Read the questions carefully and code what is asked in the respective code block whenever you see a ``` #TODO: YOUR CODE HERE. ```
It is important to do the Coding tasks IN ORDER, as the majority of coding blocks are dependent on the
previous coding blocks in the notebook.
Please also note that there is a **raise NotImplementedError()** for each task or function you have to
implement, so don't forget to remove it before testing your code, otherwise you will always get a "not
implemented" error.

You need to manually upload the data used in this exercise to Colab. Just create a folder 'data' and paste the respective files into this folder. Otherwise, you will get a 'File not found' error. You can find the data in StudOn.

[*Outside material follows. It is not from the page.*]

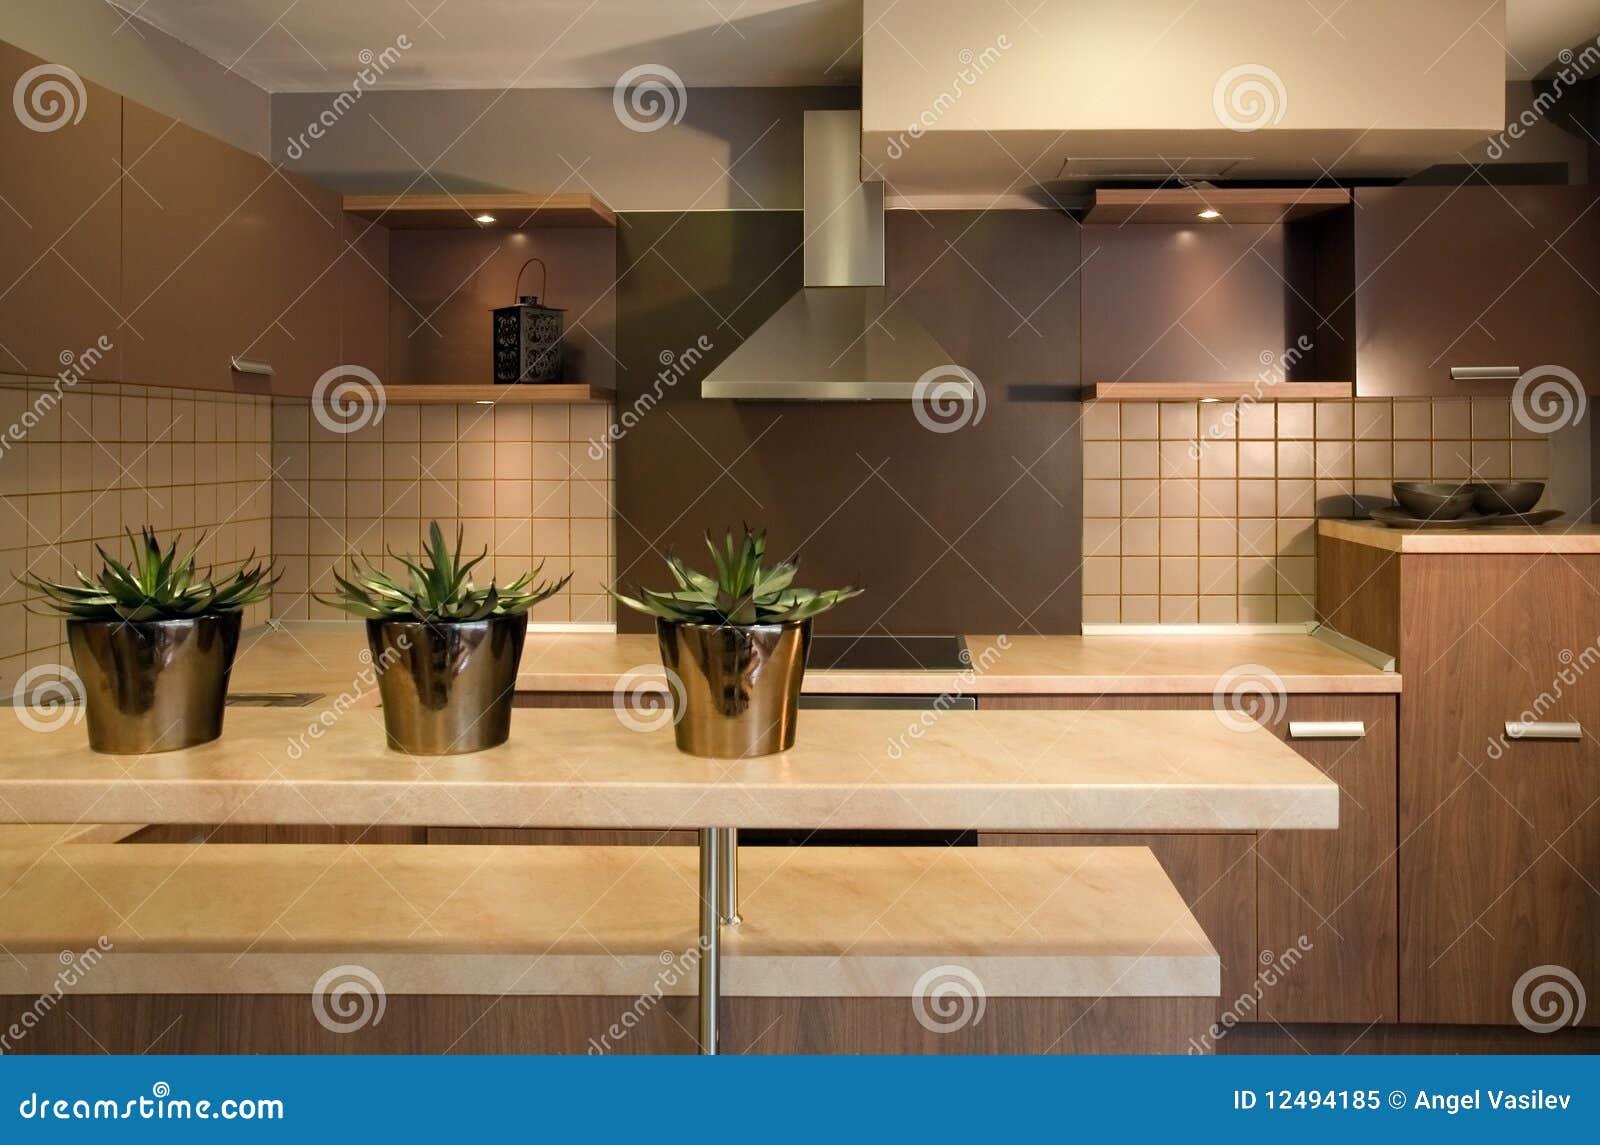 Projeto Interior Da Cozinha. Elegante E Luxuoso. Foto de Stock Royalty  #86AB20 1300 947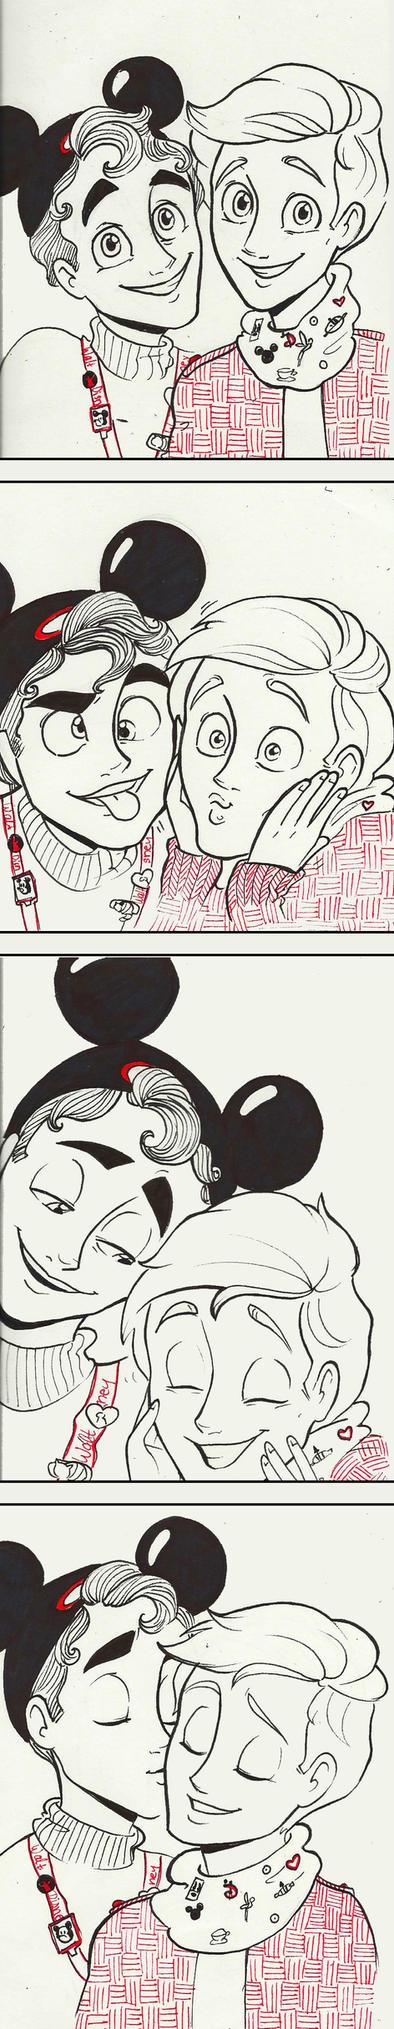 Klaine at Disneyland by Muchacha10

Aside from coding blocks, there are also testing blocks to check whether your implementations
are correct, you can run them but do not change the code inside of them.
The tests are determined via the ASSERT STATEMENTS that you see on the testing blocks, which can help you
out during the coding of the exercises. If you pass all the visible asserts, you will probably get a good
grade on the exercise, just remember that there are also hidden tests, so hardcoding the assert statements
won't help you.

REMEMBER: This Colab notebook DOES NOT HAVE AN AUTOSAVE FUNCTION, so whenever you want to close it, please
remember to save it by clicking on the "file" tab in the upper left corner of the page, followed by
clicking on the "Save a copy to GitHub" button and selecting your corresponding GitHub repository:
"madlab-biosig/exercise-x-YourGitHubUsername"

Before you save the final version of your assignment, please make sure everything runs as expected.
First, **restart the kernel** (in the menubar, select Kernel$\rightarrow$Restart) and then **run all
cells** (in the menubar, select Cell$\rightarrow$Run All).
</div>

### BioSig Exercises WS 23/24
---

# Exercise 10

In [5]:
# Imports and basic setup
### UNCOMMENT THE CORRECT ONE
# If you are using Jupyter Lab
#%matplotlib widget

# If you are using Jupyter Notebook
# %matplotlib notebook

import matplotlib.pyplot as plt
plt.rcParams.update({'figure.max_open_warning': 40})
import pandas as pd
import numpy as np
from pathlib import Path
from scipy import signal

## Ex 10.1: Pan-Tompkins 2 - Combining the filters and correcting shifts
In last exercise we implemented all filter stages of the Pan-Tompkins algorithm.
Now we want to combine them to easily apply the algorithm to multiple signals.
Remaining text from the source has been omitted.